Not too much of  adifference, just about 5 more grams of fat & about 40 calories more than chicken breast.. and much tastier because of the higher fat... I buy chicken thights all the time.. and what most people get even more surprised to know is that leaving the skin on the chicken breast or thigh only adds around 50 calories and like 5 grams of additional fat.


----------



## Lulu66 (Aug 7, 2012)

On chicken, i like the breast better, less fat and shit. Also more versatile on thr ways you can cook it. Now if ur talking turkey... I take the tight any time. Not a big fan of chicken either. Many years ago when i wHen i went to see my doc for pubertal gyno, the dumbass told me it was the estrogen injected in the chicken thet was giving me gyno, and sent me on my way.


----------



## AndroSport (Aug 7, 2012)

I don't know the exact numbers but I do know the dark meat is colored differently because it has more blood vessels running through it than the breast... some extra fat etc. In the nutrition courses I took in college I was told that the actual differences in calories & fat content are not massive and it's mostly a matter of which you prefer... although when discussing this you are not typically discussing the content and nutrition as to fit a "bodybuilders diet" so to speak.


----------



## TheLupinator (Aug 18, 2012)

hmm where i am they cost the same per lb... I buy both so I can do a low fat chicken breast meal with complex carbs for lunch then switch to a higher fat content meal of chicken thighs with veggies for dinner..


----------



## PillarofBalance (Aug 18, 2012)

Thighs taste much much better IMO...


----------



## NbleSavage (Aug 19, 2012)

mlupi319 said:


> hmm where i am they cost the same per lb... I buy both so I can do a low fat chicken breast meal with complex carbs for lunch then switch to a higher fat content meal of chicken thighs with veggies for dinner..
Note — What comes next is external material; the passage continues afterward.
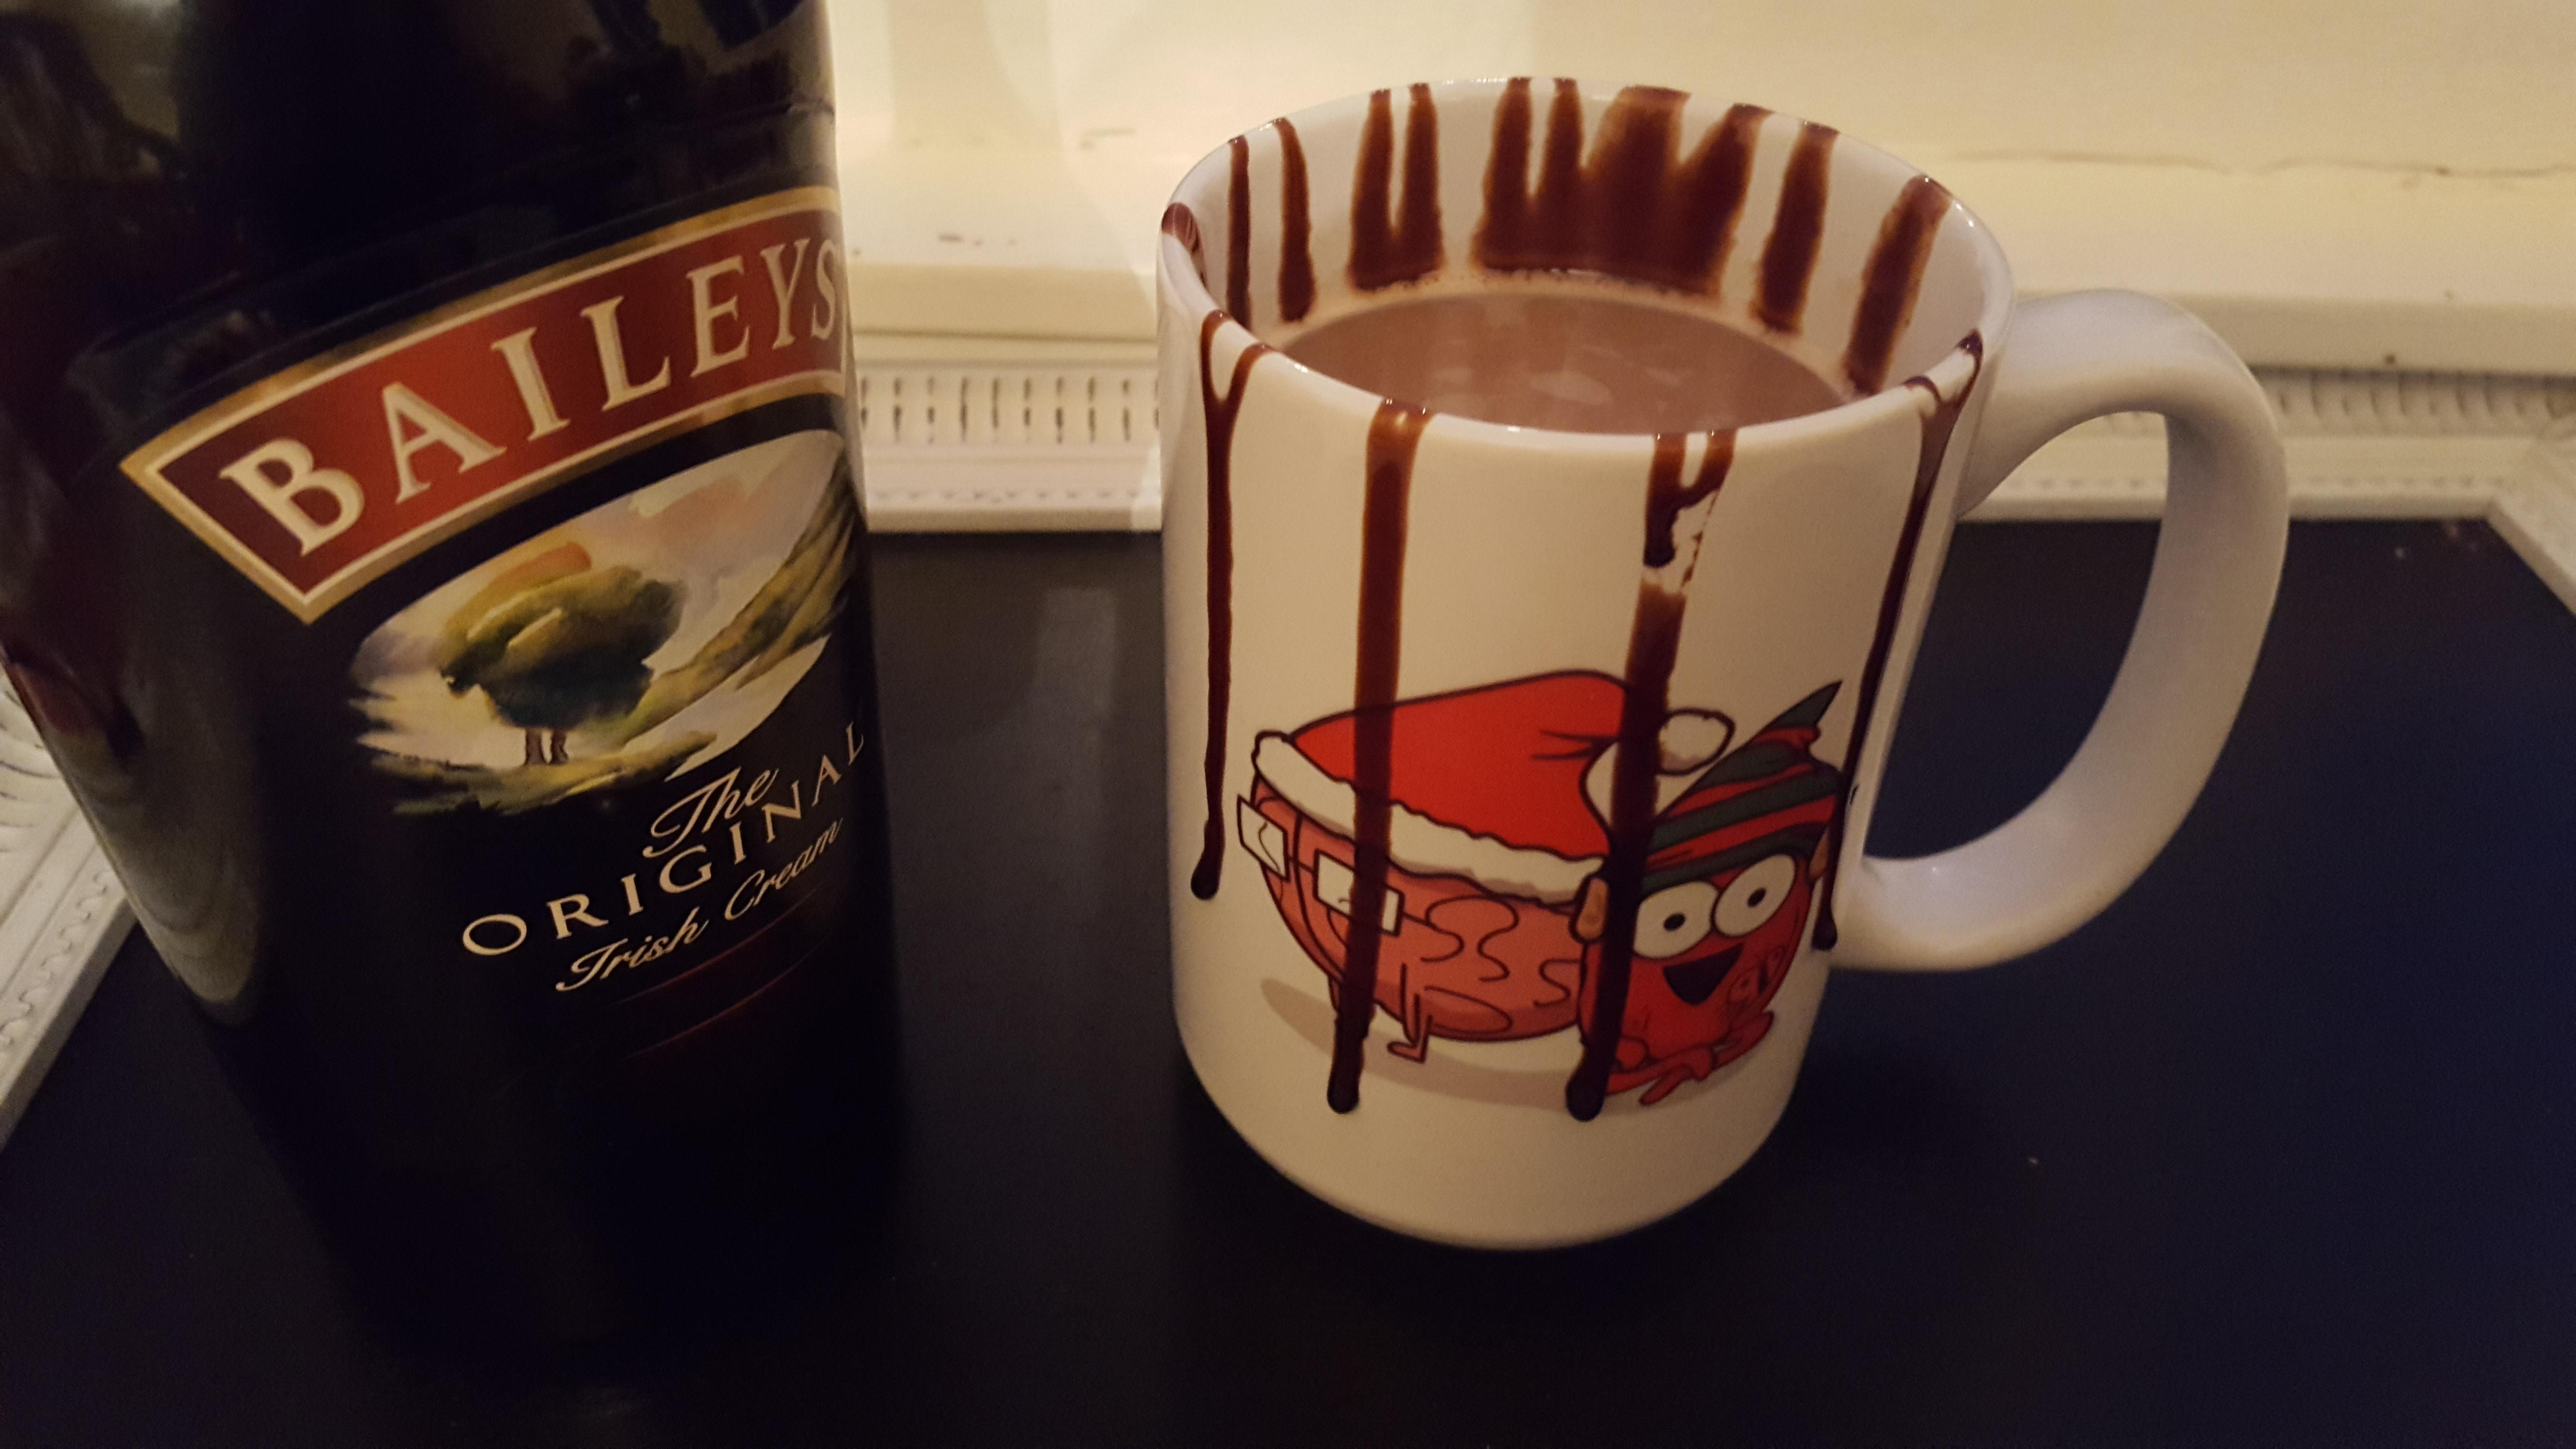 Baileys Hot Chocolate Rebekah Rose Hills

Very similar approach here, Mate. Buy 'em both when they go on sale.


----------



## theminister (Aug 24, 2012)

From what I know its two different sources of fat. Natural Saturated versus whatever else it is. I have to change from breast to thigh when I went though PCT - 3j diet


----------



## Spongy (Aug 26, 2012)

I honestly switch back and forth.  I'm not a fan of breasts for whatever reason, but I recognize that it IS a bit healthier so I try to use boobs for at least 2 meals, thighs for 1, then fish and beef for the other two (breakfast is eggs).


----------



## coltmc4545 (Aug 26, 2012)

I'm an ass man myself. 


Ohhhhhhhhh were talking about chicken. I like thighs better but eat more breasts. I have to cut the breasts in 2-3 pieces before I grill it otherwise it's just too dry. Good info on the calorie and fat difference though I didn't know it was that slight of a difference. Now I won't feel like a fat ass when I eat thighs.


----------



## Hockeyplaya18 (Sep 12, 2012)

I prefer the breasts of a Chicken, and the thighs of a women, and dont you ever forget that


----------



## Rosco FleX (Sep 12, 2012)

AndroSport said:


> I don't know the exact numbers but I do know the dark meat is colored differently because it has more blood vessels running through it than the breast... some extra fat etc. In the nutrition courses I took in college I was told that the actual differences in calories & fat content are not massive and it's mostly a matter of which you prefer... although when discussing this you are not typically discussing the content and nutrition as to fit a "bodybuilders diet" so to speak.



I laughed out loud a bit when I saw your newly edited avatar, lol.


----------



## Rosco FleX (Sep 12, 2012)

I'm a darker meat kinda guy with my poultry and my women.


----------